And then, quick as a cat, she jammed the syringe into the fleshy base of his right hand, and started to depress the plunger.
He screamed in pain, and dropped the gun. He stared down in horror as the syringe began to empty. Suddenly he unfroze. He tore his wounded hand away from her and yanked the needle out, throwing it as far from him as he could.
I remember once reading an article by some journalist on the tender topic of male sterilisation. Arguing in favour, he wrote that the after-effects of the procedure were no longer-lasting and no worse than a sharp blow in the stones from a soccer ball. Clearly this was a man who had never played football.

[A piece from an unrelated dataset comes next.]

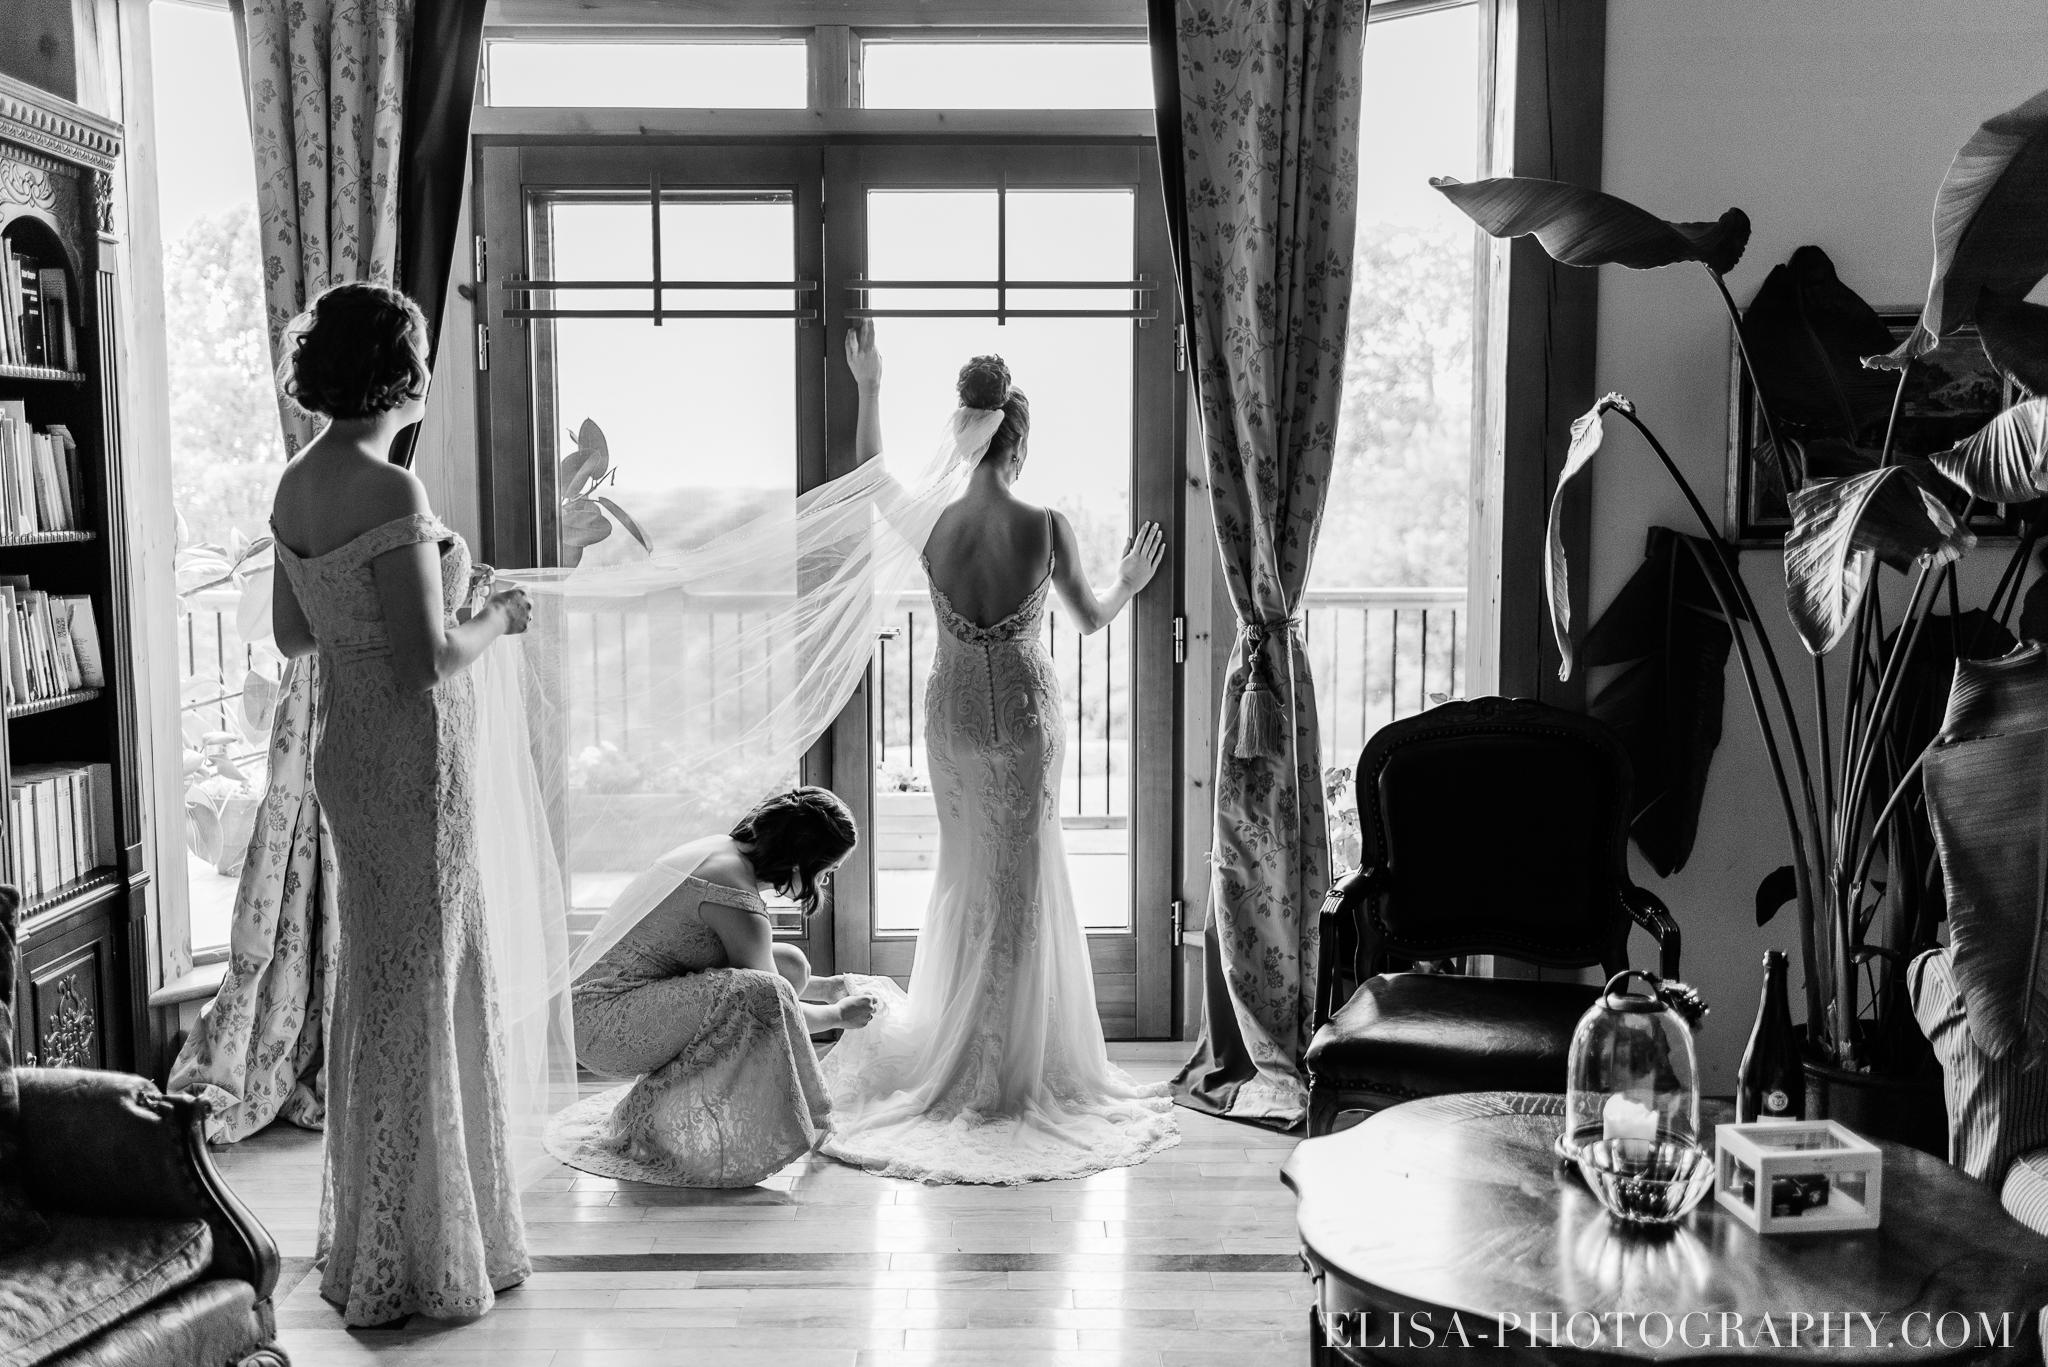 photo mariage domaine tomali maniatin maquillage papa mariee preparatifs 5811 - Mariage à la montagne au domaine Tomali-Maniatyn
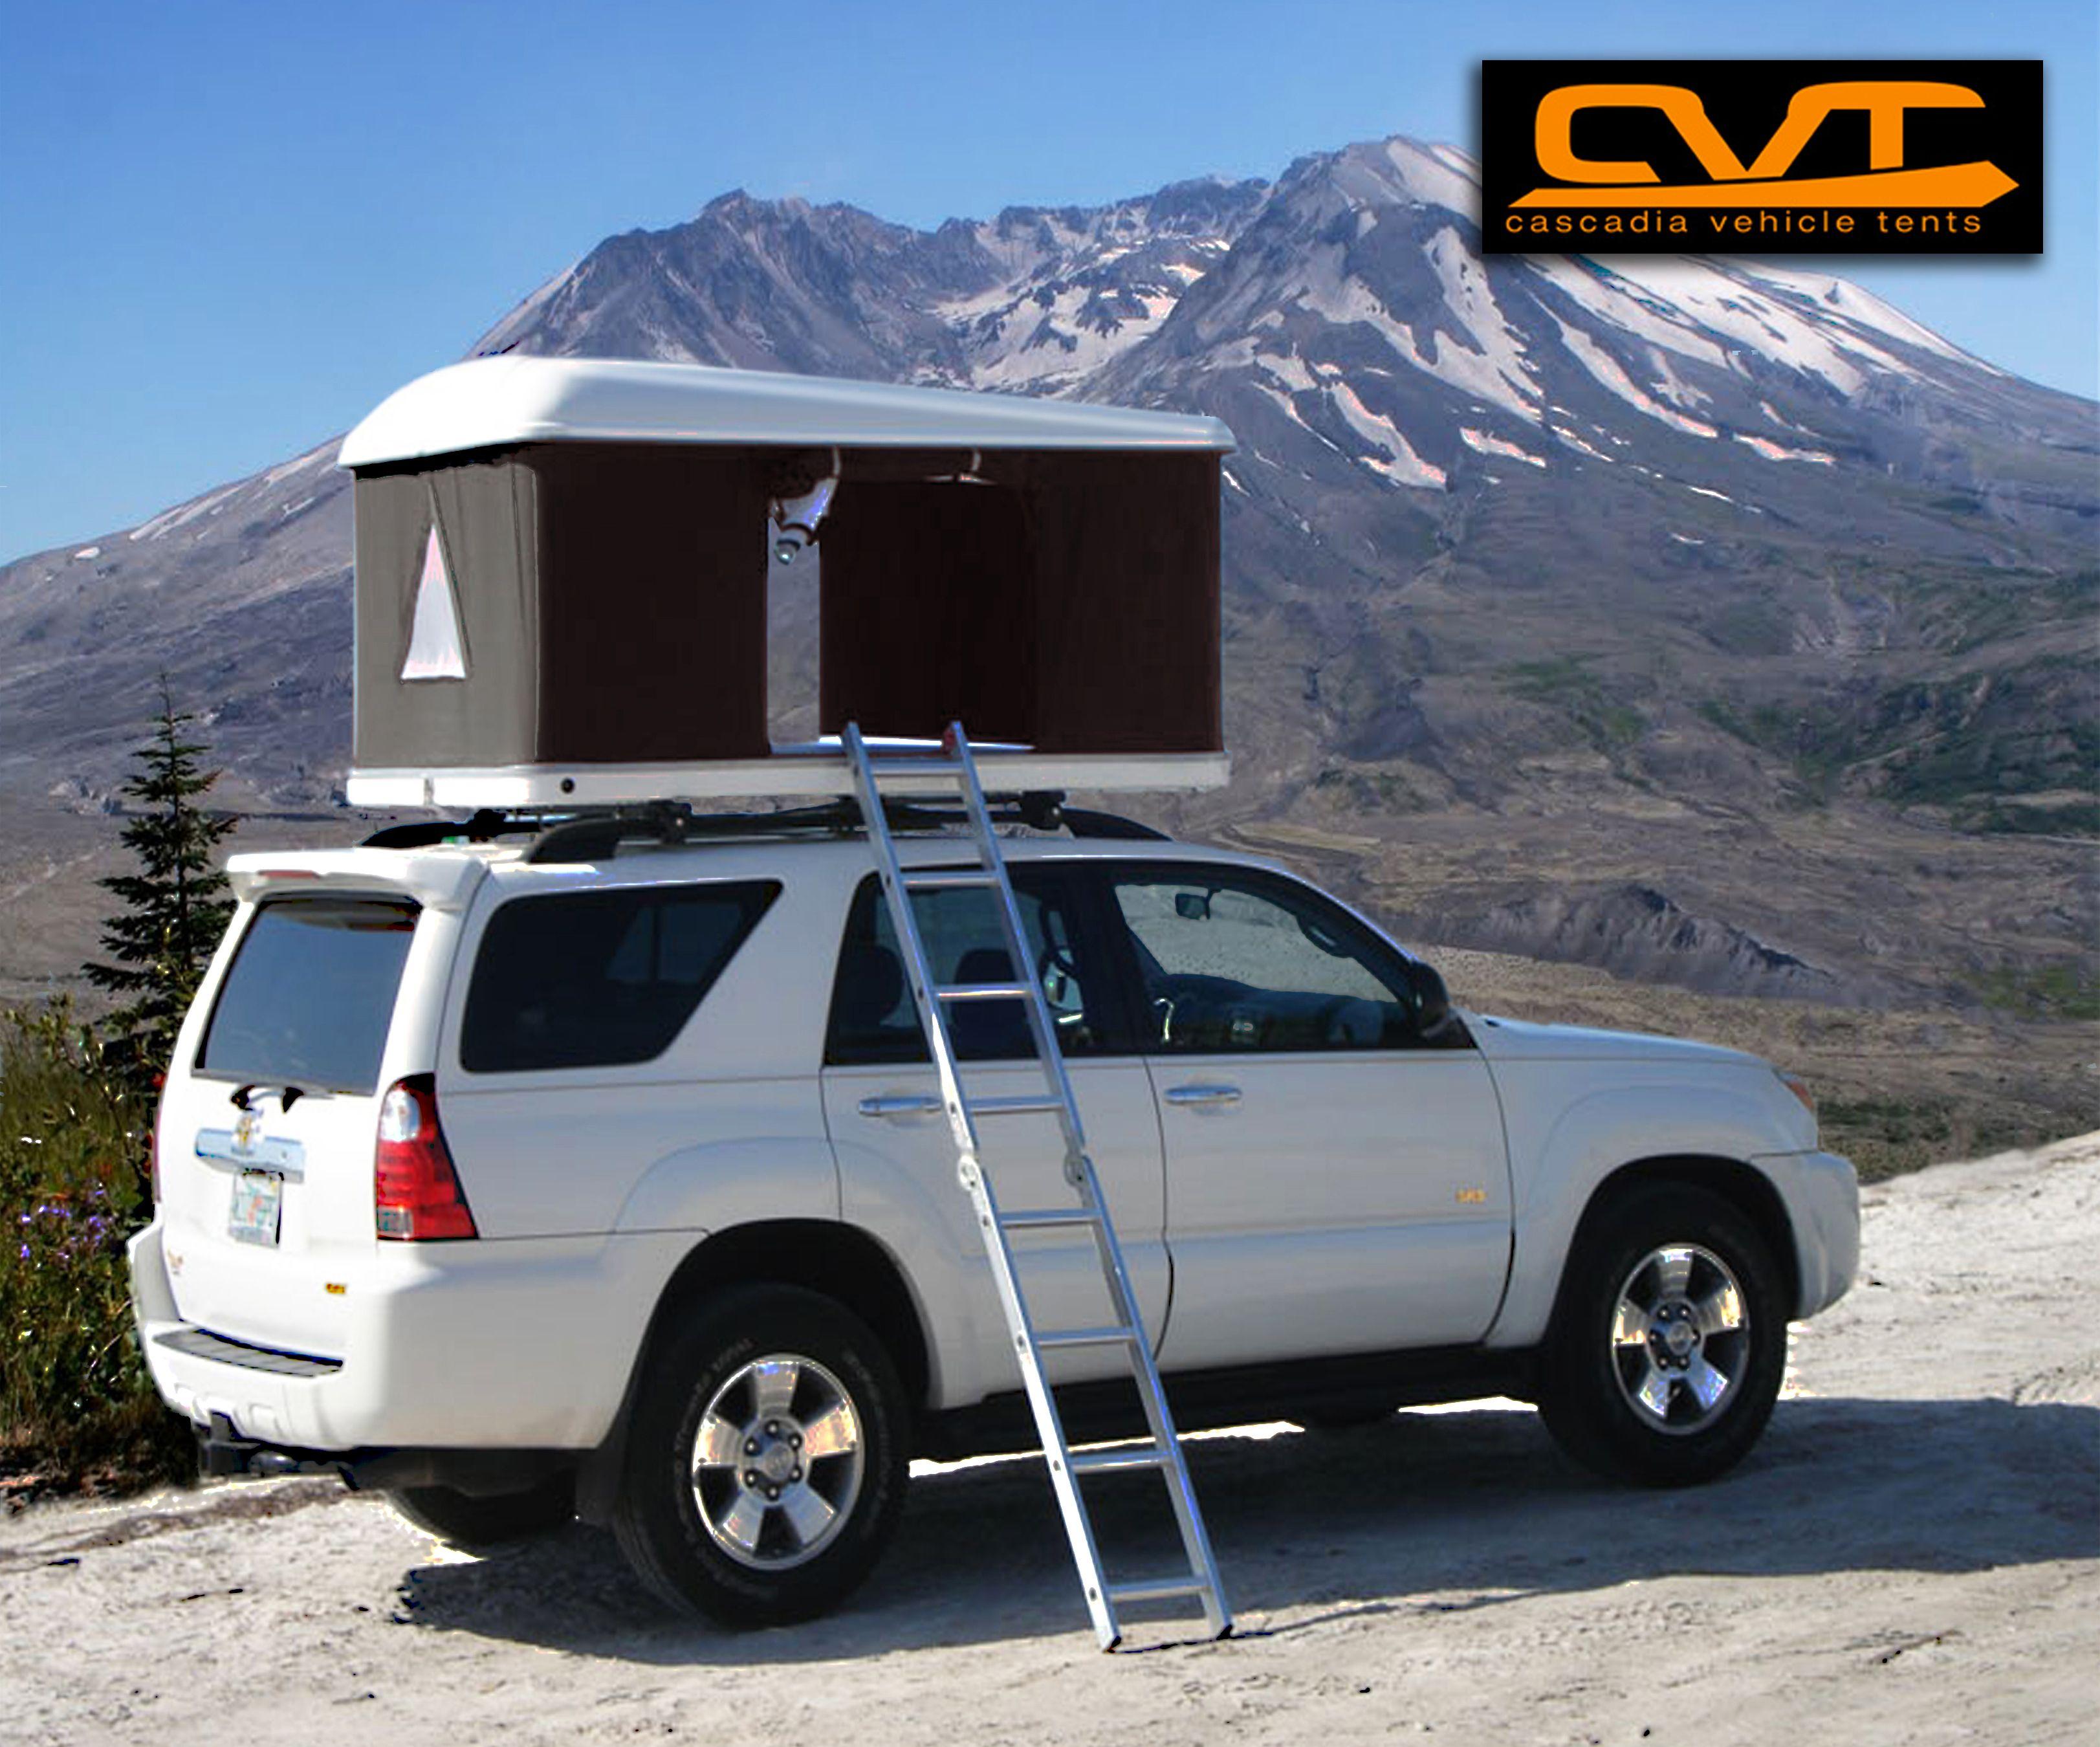 CVT Mt. St. Helens Fiberglass tent. & CVT Mt. St. Helens Fiberglass tent. | Cascadia Vehicle Roof Top ...

I remember my Dad once saying of an infamous serial killer, ‘Hanging’s too good for that bastard. It’s a good kick in the balls he needs.’
And that, right there in the heart of the Geneva woods, was what I gave Rawdon Brooks, as he stood staring at his hand. Only it wasn’t; it was worse than that. I gave him, left, right and centre, the legendary Oz Blackstone toe-poke, which may not look elegant, but when perfectly delivered, as this one was, can send the ball, plural in this case, flying further, straighter and faster than the finest instep delivery. I’ll never know for sure, but I like to think that I tore them clean off.
He didn’t scream. He howled. It was a primal sound, like a bear with its paw caught in a man-trap. I saw Prim staring at him, her mouth wide open in awe at the depths of his agony.
For good measure, as he stood there, clutching his person, knees turned in in the classic manner, I stuck the head on him. I’m not as good at that as I am at the toe-poke, but this was a pretty fair example. My forehead caught him on the left cheekbone, stunning me slightly and rocking him backwards.
I waited for him to go down, as reason told me he must. I stood back and waited for him to crumple. I mean he was a man, and I’d just nailed him with a blow from which not even the strongest guy can recover.
Yet he was still on his feet, the great bastard. His eyes were rolling, his cheek was swelling, his chest was heaving, but he was still on his feet. He reminded me bizarrely of Charles Laughton after his flogging in Hunchback, only Esmeralda was nowhere in sight. As I stood there watching him, I became transfixed. When his hand shot out and caught me round the throat, I didn’t move. It wasn’t until he began to squeeze that I realised how strong he was. Within a second or two my eyes began to swim. My hands went to his wrist, but his grip was locked on tight.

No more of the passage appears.